:: Task description ::
This exercise calls for the data below to be retyped exactly, minus any images.

:: Data shown ::
▼

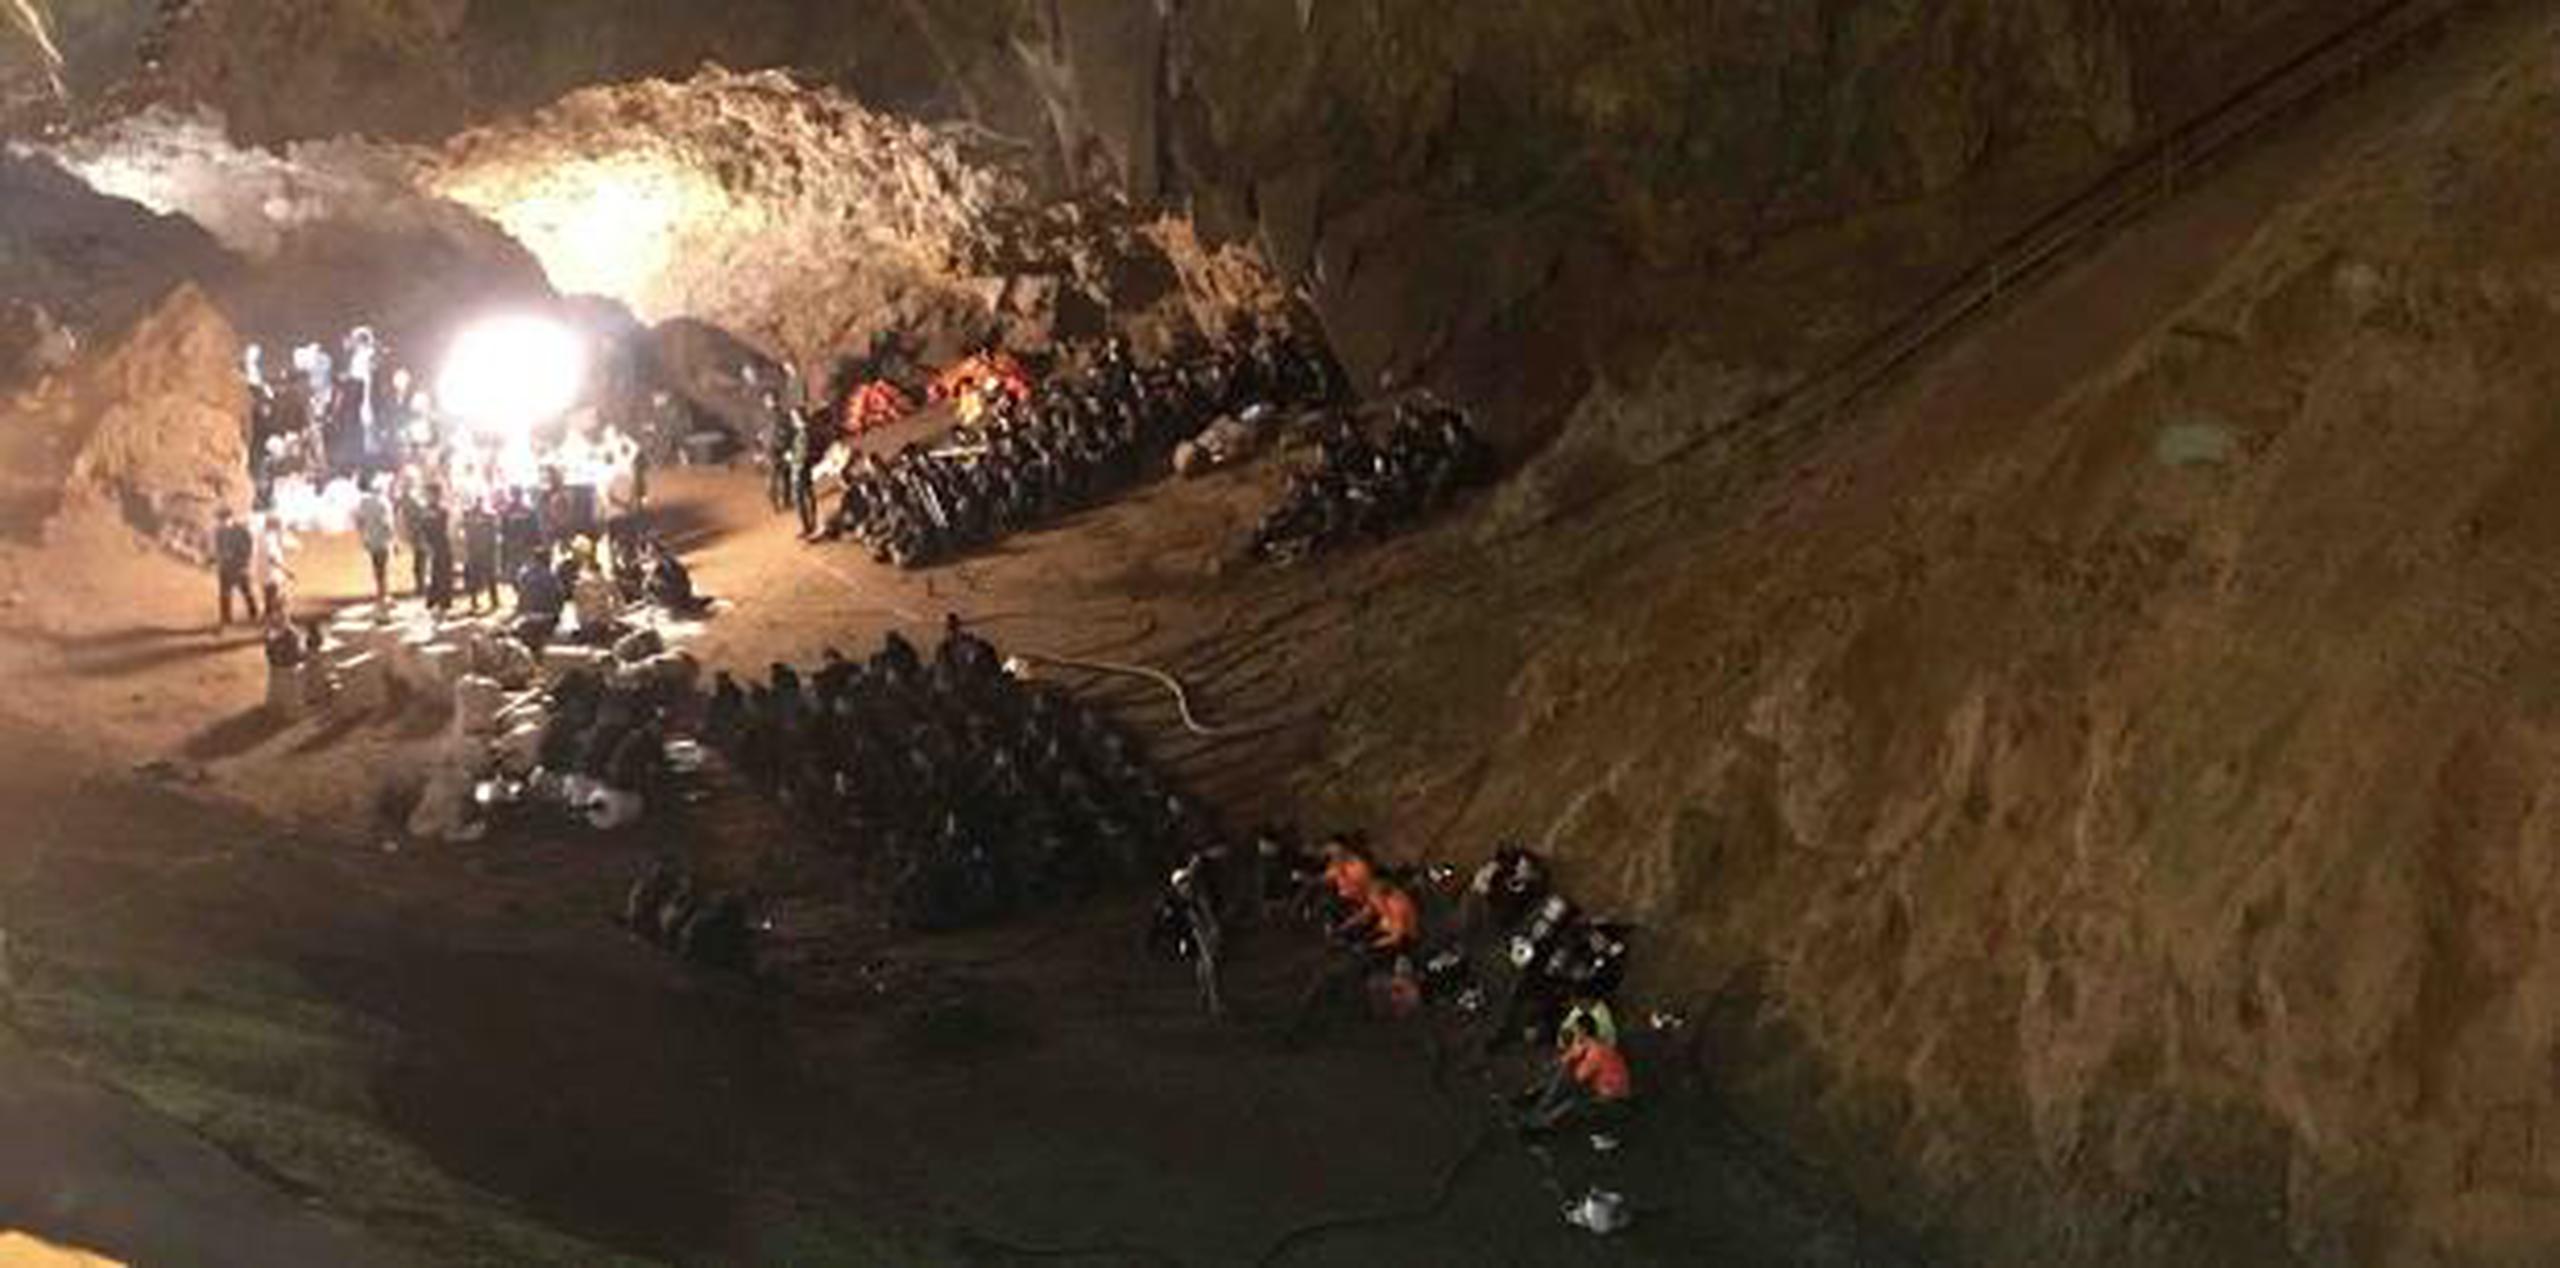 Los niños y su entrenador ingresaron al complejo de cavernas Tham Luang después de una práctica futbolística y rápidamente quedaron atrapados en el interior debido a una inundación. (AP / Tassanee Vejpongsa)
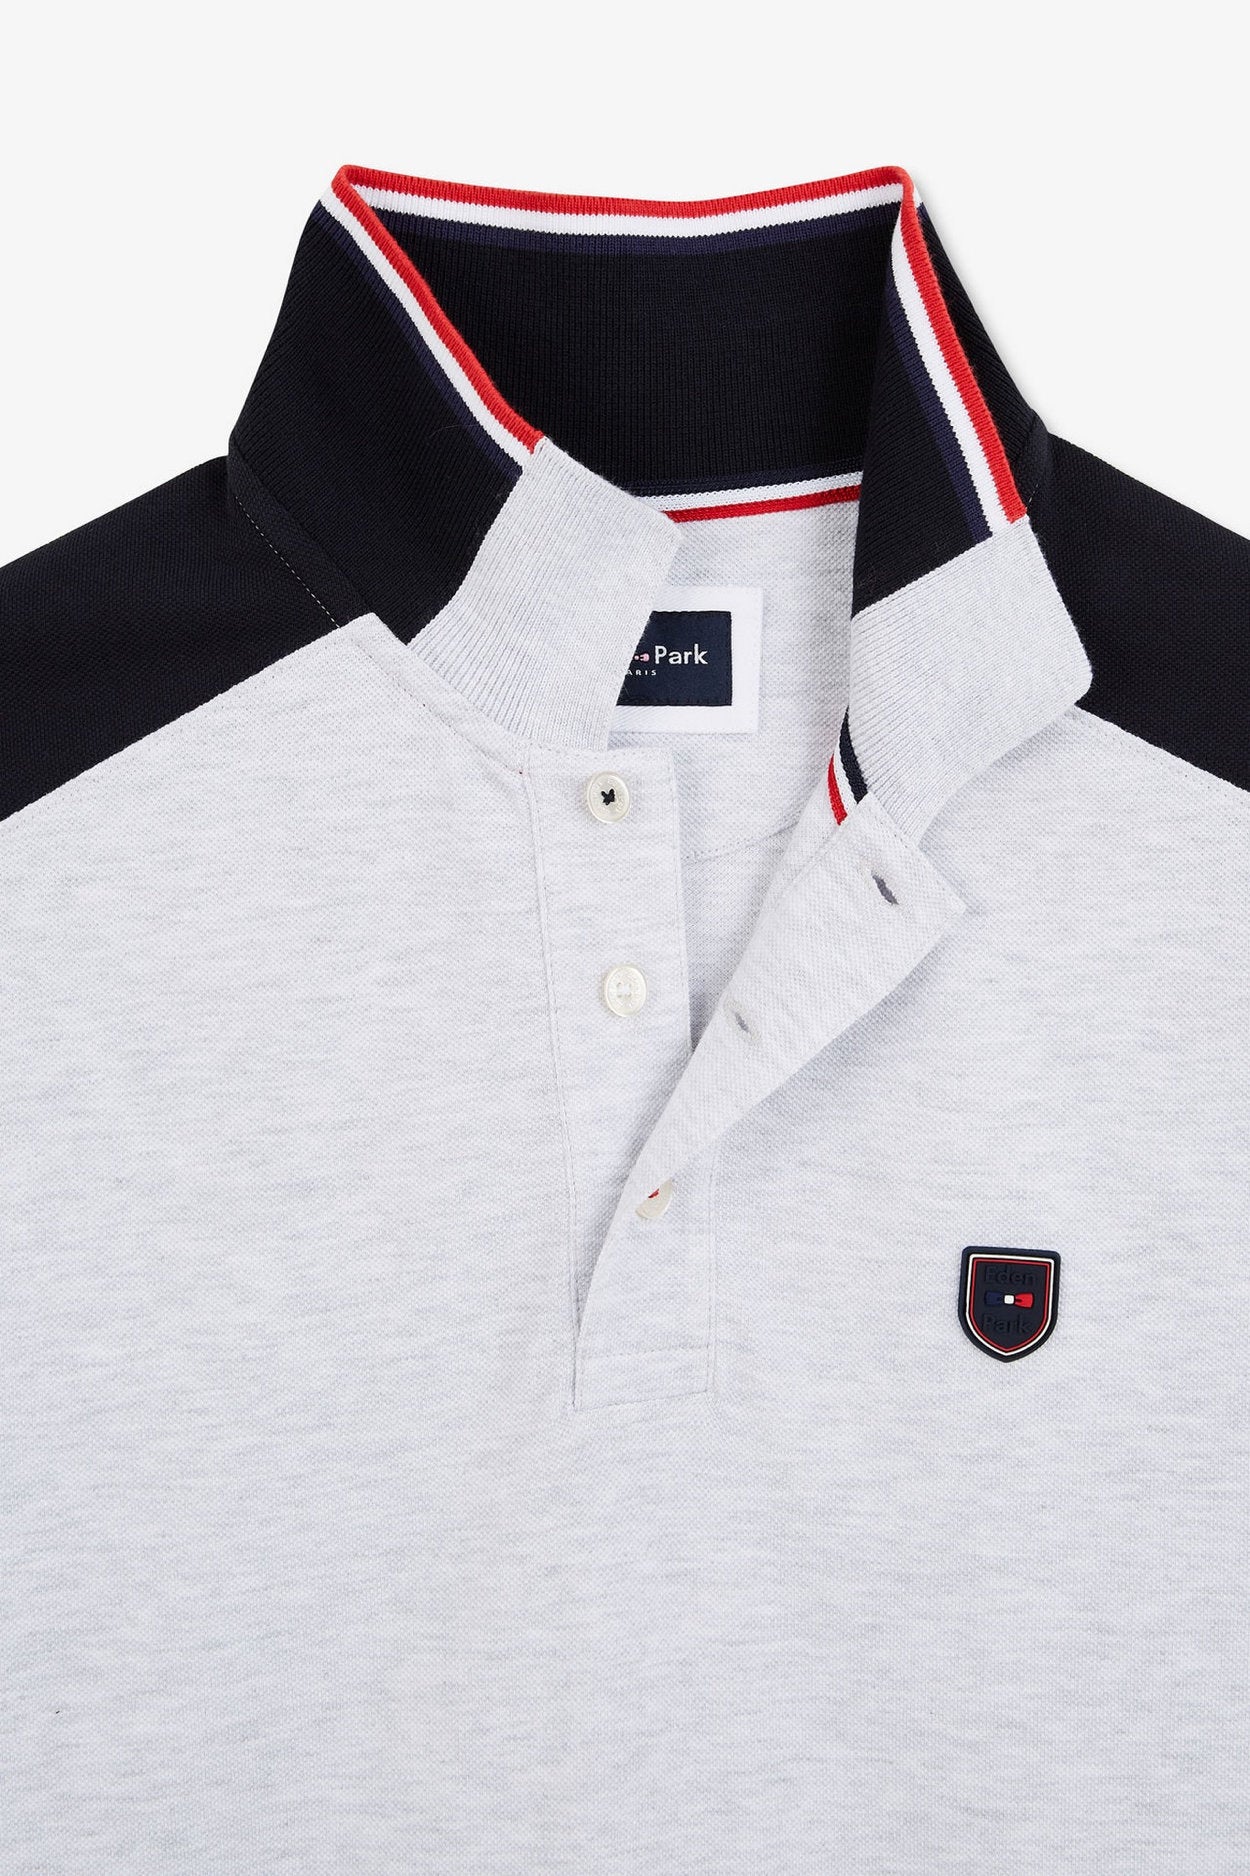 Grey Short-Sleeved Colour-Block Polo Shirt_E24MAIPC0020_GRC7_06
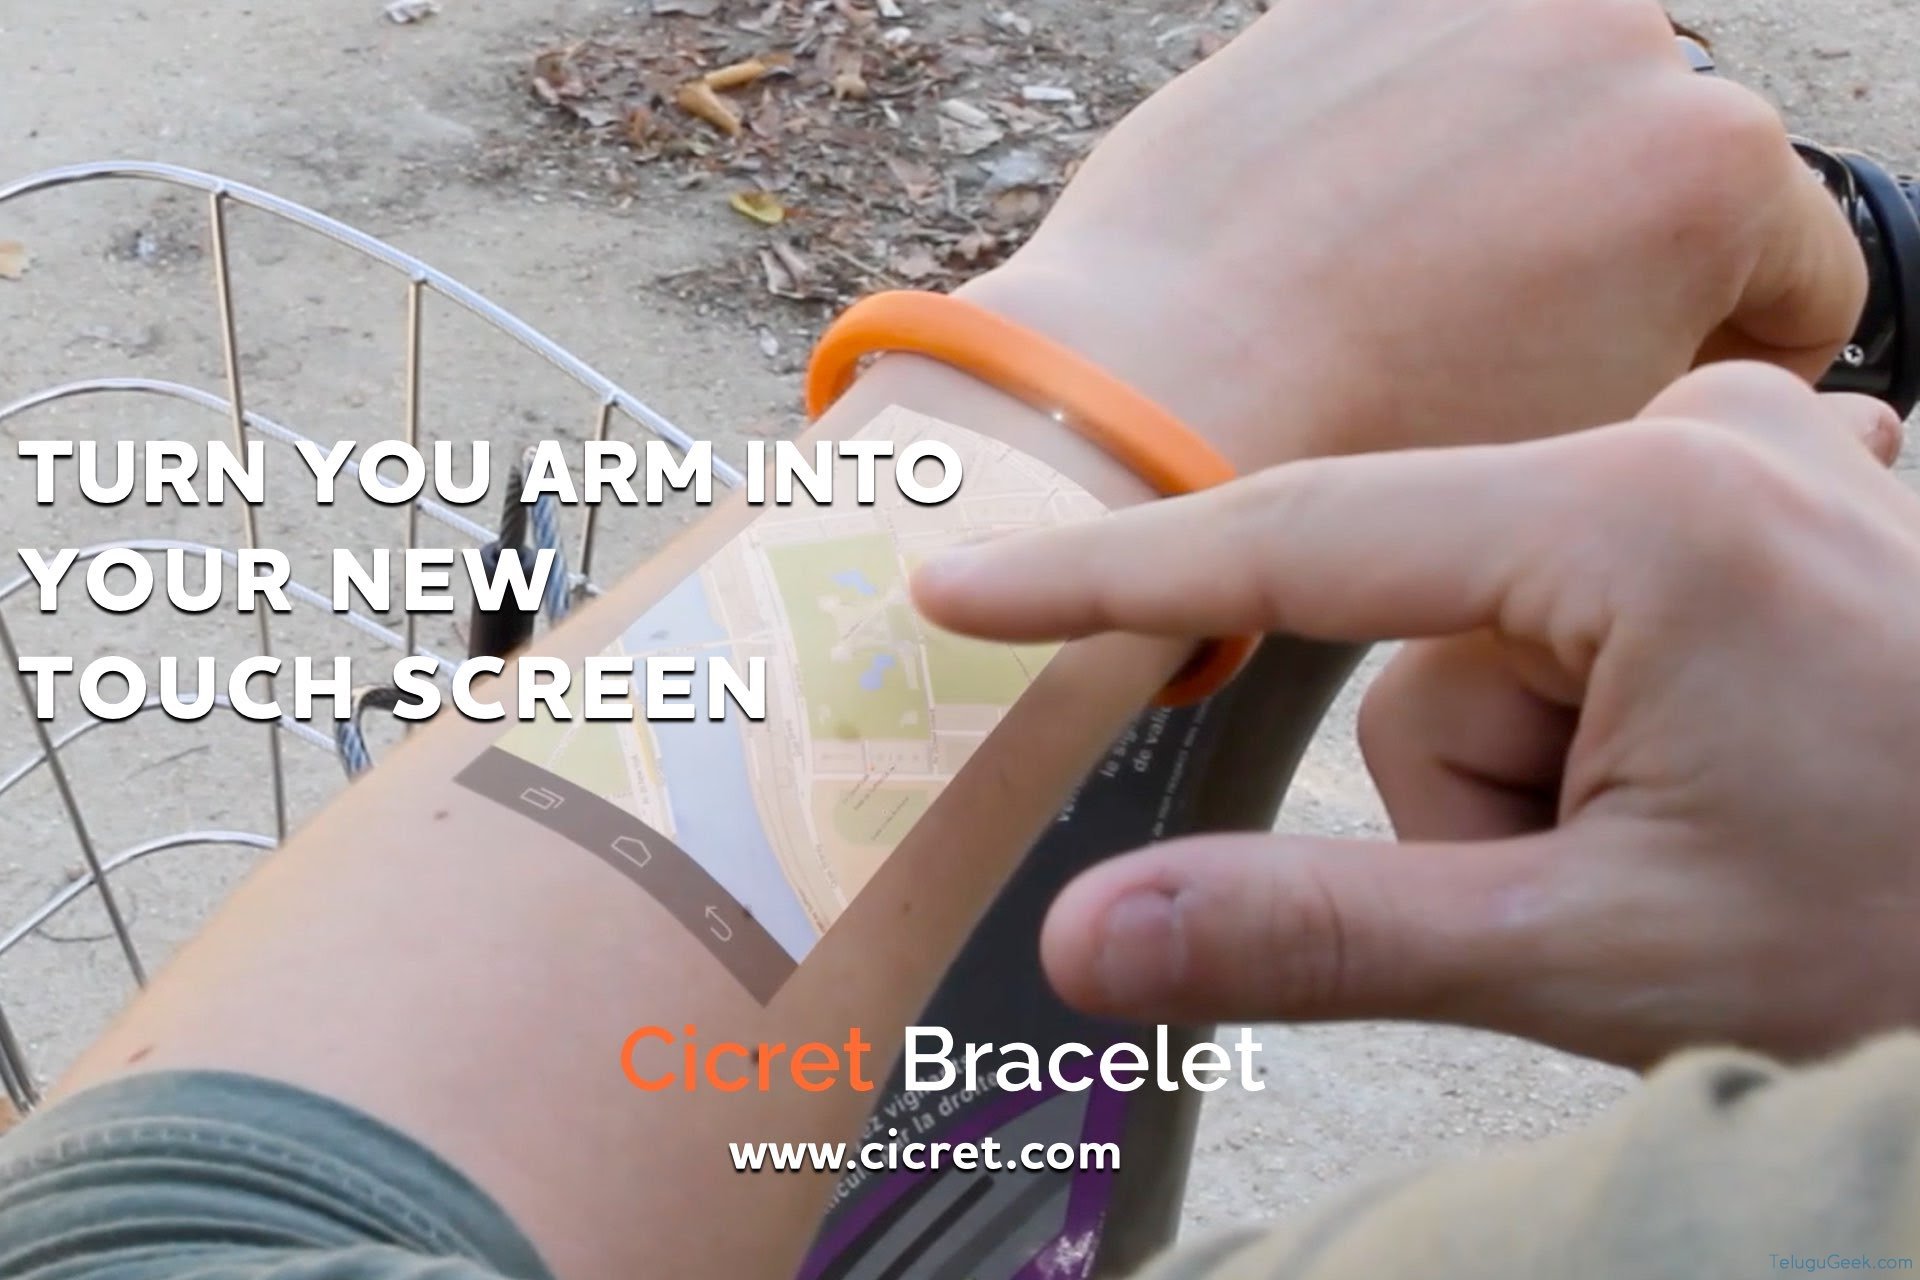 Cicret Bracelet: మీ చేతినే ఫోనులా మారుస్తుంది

▲

:: Result of the task ::
 Los niños y su entrenador ingresaron al complejo de cavernas Tham Luang después de una práctica futbolística y rápidamente quedaron atrapados en el interior debido a una inundación. (AP / Tassanee Vejpongsa)
 Grey Short-Sleeved Colour-Block Polo Shirt_E24MAIPC0020_GRC7_06
 Cicret Bracelet: మీ చేతినే ఫోనులా మారుస్తుంది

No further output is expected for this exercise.